• _What is being asked_
Transcribe every line below exactly; no image goes into the output.

• _Source material_
BEGIN

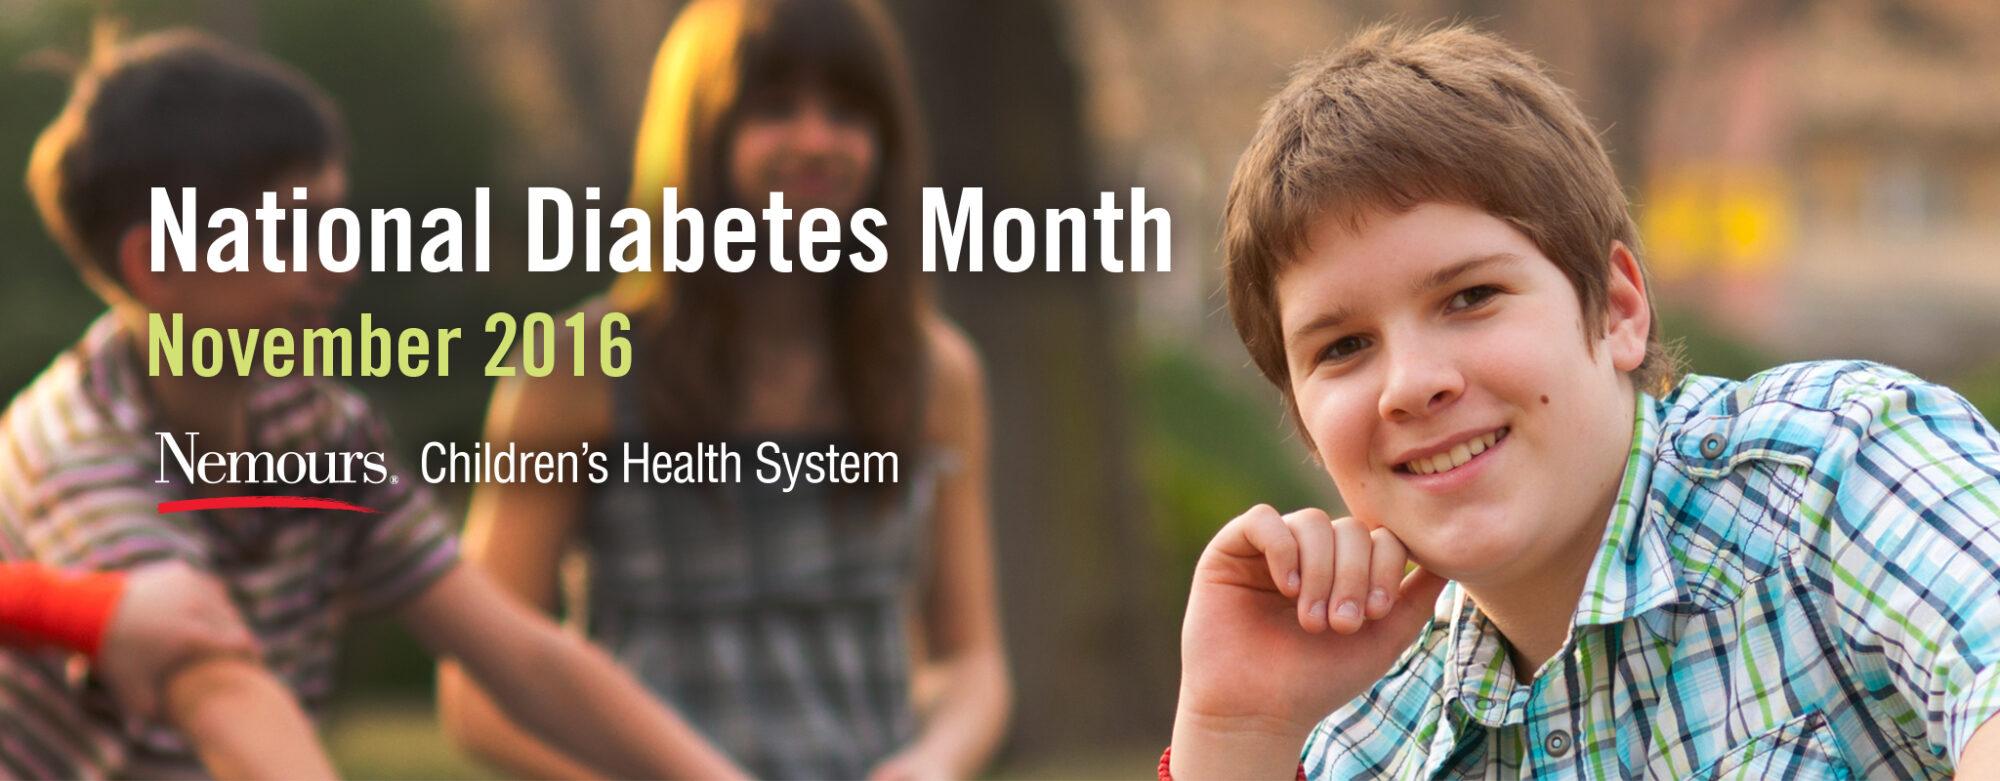 Diabète de type 1 : Mythes et faits
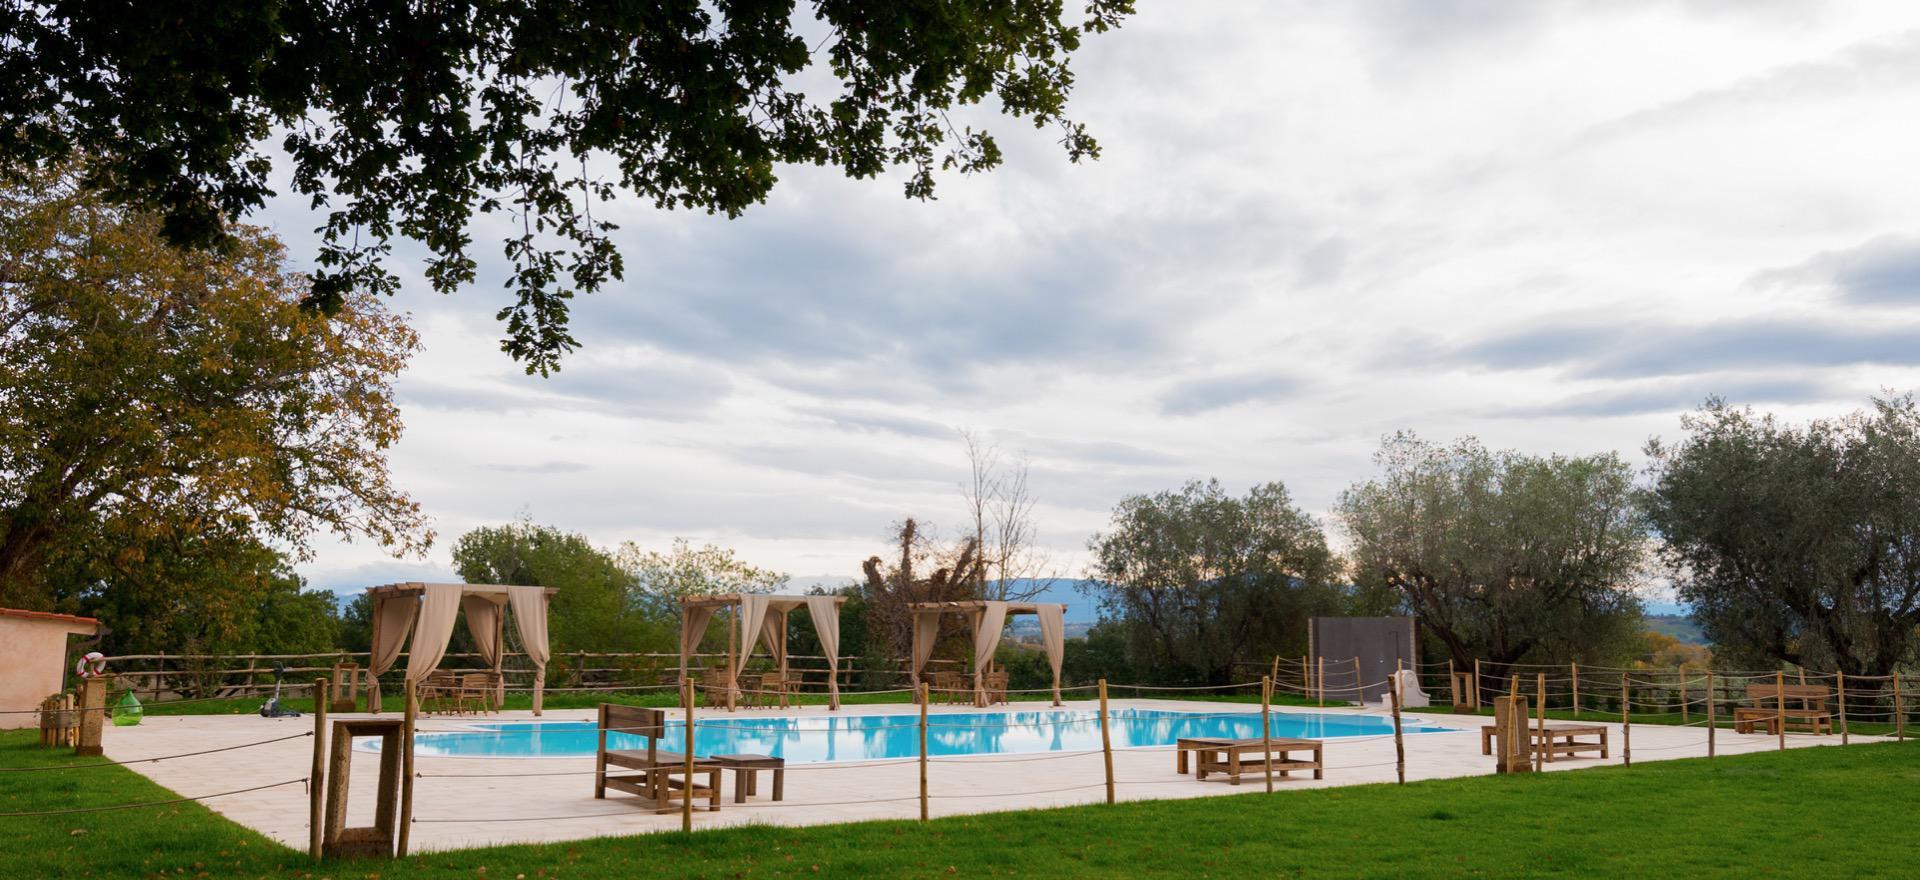 Agriturismo Umbrie Luxe agriturismo bij Rome met restaurant en zwembad
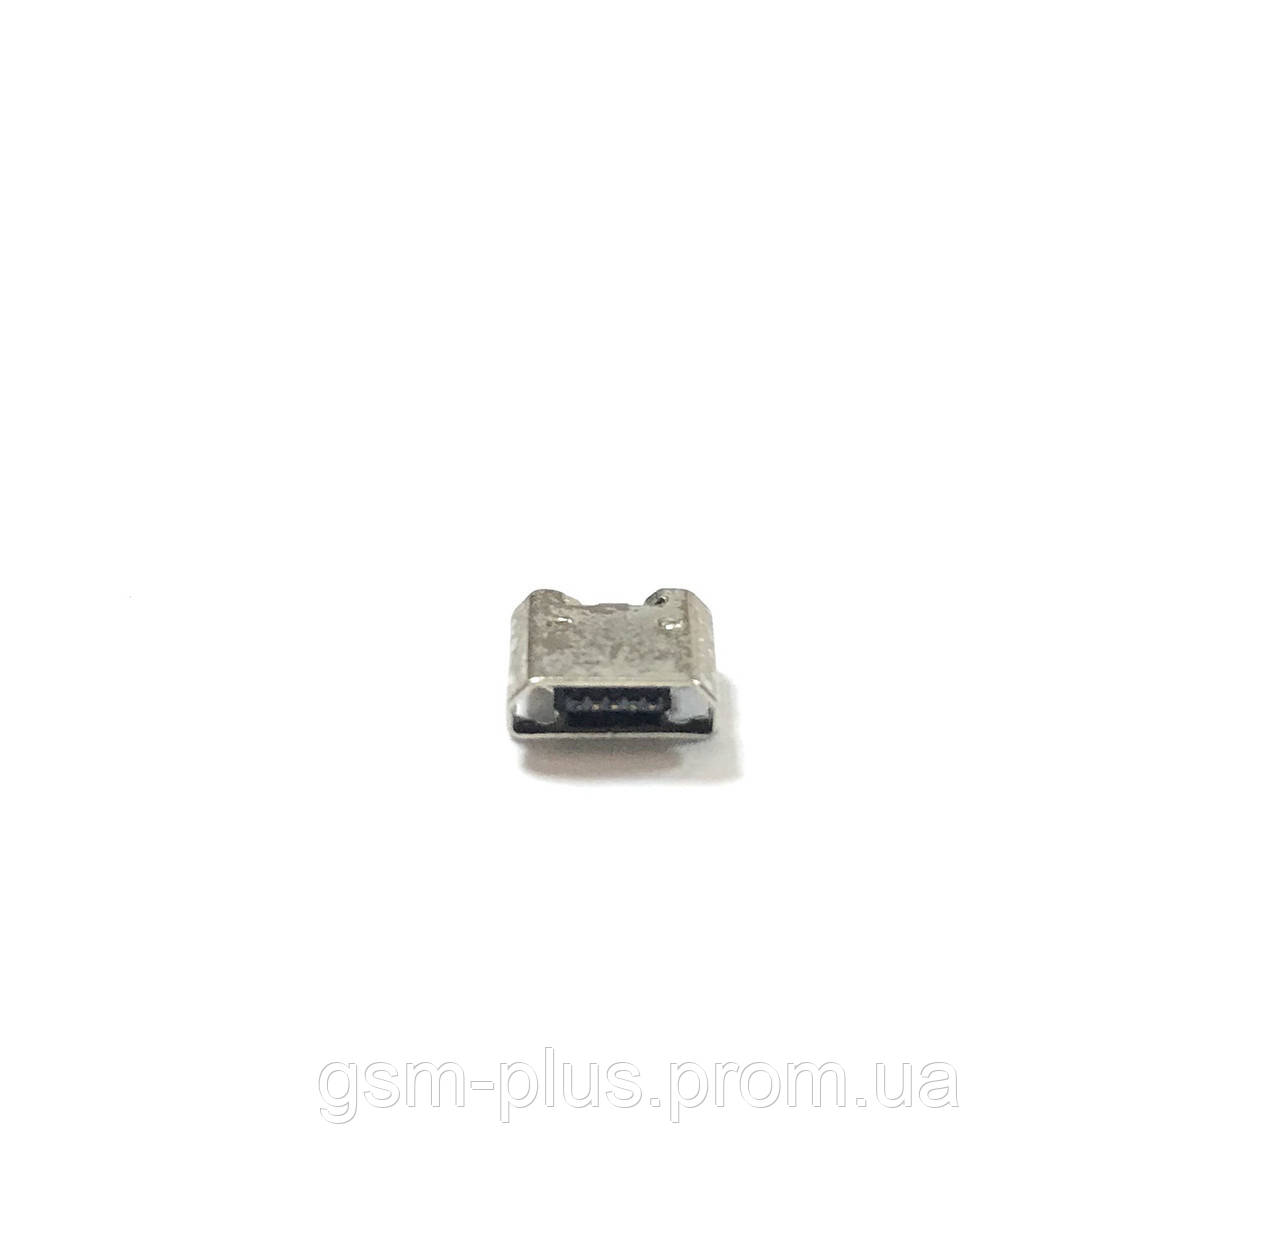 Разъем зарядки LG VS950 / VK810 / V700 / V410 / V400 / V500 / V507 / V510

END

• _Response_
 Diabète de type 1 : Mythes et faits
 Agriturismo Umbrie Luxe agriturismo bij Rome met restaurant en zwembad
 Разъем зарядки LG VS950 / VK810 / V700 / V410 / V400 / V500 / V507 / V510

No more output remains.